Occupé sur son piquet de grève, Frédéric Chantrelle n’avait pas loupé la candidate du FN. « On a entendu beaucoup de bruit d’un seul coup et des gens crier ''Marine présidente''. C’était un drôle de contexte, on ne parlait plus de l’usine qui fermait mais uniquement de Macron et de Le Pen », déplore le syndicaliste. Pour lui, comme à chaque élection présidentielle, les promesses des candidats n’ont pas empêché les fermetures de sites. « Goodyear, Florange, Continental, a chaque fois ils viennent faire leur cirque et ça ne sert à rien », insiste le salarié de Whirlpool. Il se souvient pourtant avoir écouté ce que la patronne du FN avait à dire : « Quand elle avait sorti ''moi présidente, l’usine ne fermera pas'', j’étais parti parce que je savais que c’était un mensonge. »
« C’était une sacrée bousculade »
Malgré tout, d’autres salariés avaient été séduits : « Quand j’étais arrivé devant l’usine après le départ de Marine Le Pen, j’avais eu l’impression qu’un ouragan était passé et que les salariés avaient vu la vierge, s’étonne encore notre collègue Julien Laloye. Derrière, Macron avait annoncé qu’il venait et c’est à ce moment qu’on avait vu l’ambiance devenir chaotique. » « Lorsque Emmanuel Macron était arrivé à l’usine, c’était de la folie tellement il y avait de monde, entre les nombreux journalistes et les salariés, c’était une sacrée bousculade. Il avait mis près de vingt minutes pour parcourir les 100 m entre sa voiture et le parking de l’usine », assure Cécile Delpirou.

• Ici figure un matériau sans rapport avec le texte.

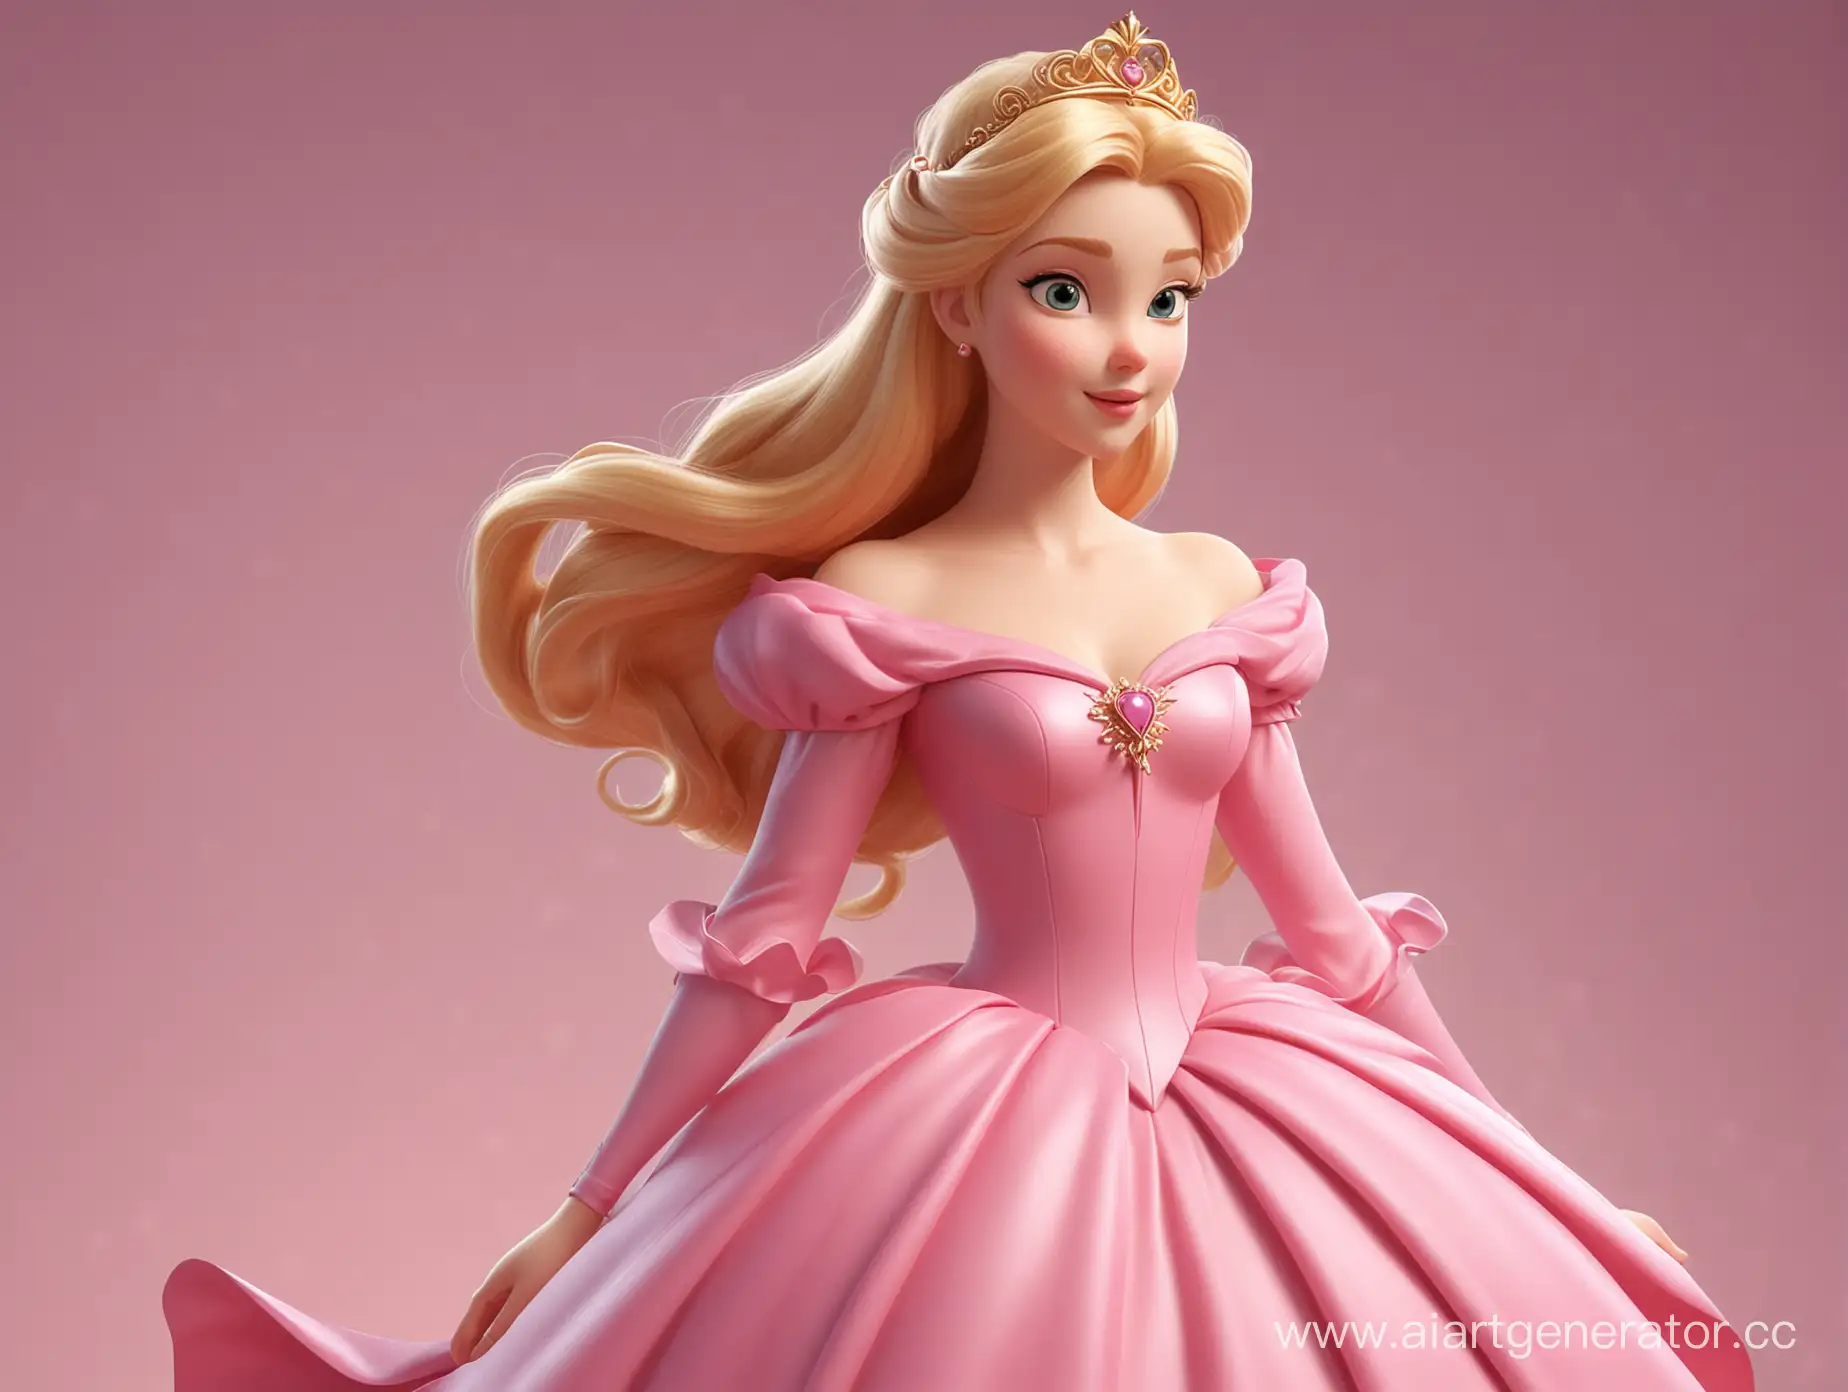 Princess-Aurora-in-Pink-Dress-Disney-Fantasy-3D-Artwork

« Le moins que l’on puisse dire, c’est qu’il n’avait pas été accueilli avec des bouquets de fleurs. C’était chaud, les gens lui en voulaient parce qu’étant Amiénois il n’était pourtant jamais venu nous voir », rappelle Frédéric Chantrelle. « Il s’était fait siffler mais il n’y avait pas eu de manque de respect. En tout cas il n’avait pas cherché à esquiver la discussion sur le parking avec les salariés tandis que nous étions contenus à l’extérieur, plaqués sur le grillage », ajoute notre journaliste. « Moi, je n’avais pas senti de ressentiment des salariés contre Emmanuel Macron. Certains qui avaient fait des selfies avec Marine Le Pen en avaient fait aussi avec lui. Ce jour-là, j’avais été impressionnée par le bonhomme parce qu’il était allé au charbon », reconnaît l’ancienne syndicaliste CFE-CGC.

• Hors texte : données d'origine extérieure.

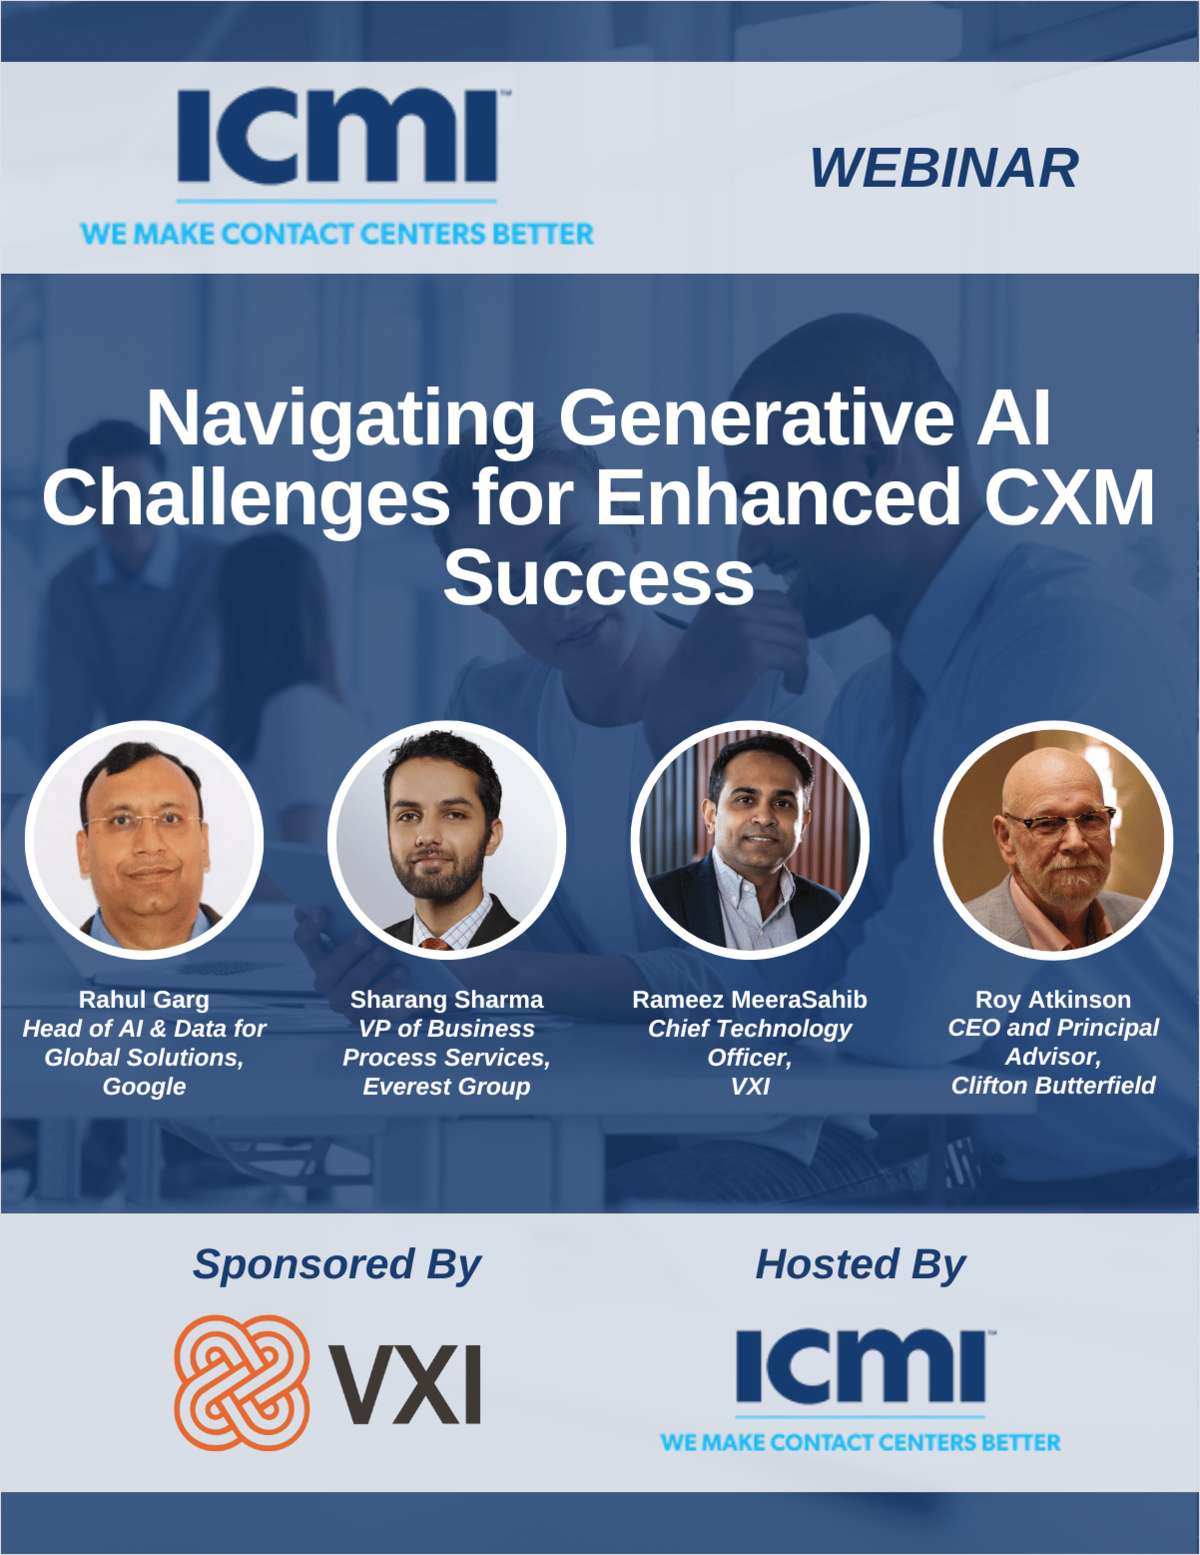 Navigating Generative AI Challenges for Enhanced CXM Success

Notre dossier présidentielle 2022
De cette journée, chacun en a gardé un souvenir marquant, mais différent. « Finalement, on était content de voir les deux finalistes. Sur les discours, j’avais été davantage convaincue par Macron. Il avait assuré qu’il ne nous laisserait pas tomber sans pour autant faire de promesse en l’air », estime Cécile Delpirou, devenue depuis députée LREM de la Somme. « Ce que je retiens, c’est que tout ce cinéma a tout de même abouti à la fermeture du site et à la perte de 280 emplois. C’était une vraie pièce de théâtre », lâche, désabusé, le syndicaliste de la CFDT. « C’était un moment assez mémorable dans une campagne du second tour qui était un peu jouée d’avance. C’est vrai que ce jour-là, sur le parking de cette usine, on avait eu l’impression que Marine Le Pen pouvait gagner l’élection », reconnaît notre collègue Julien Laloye.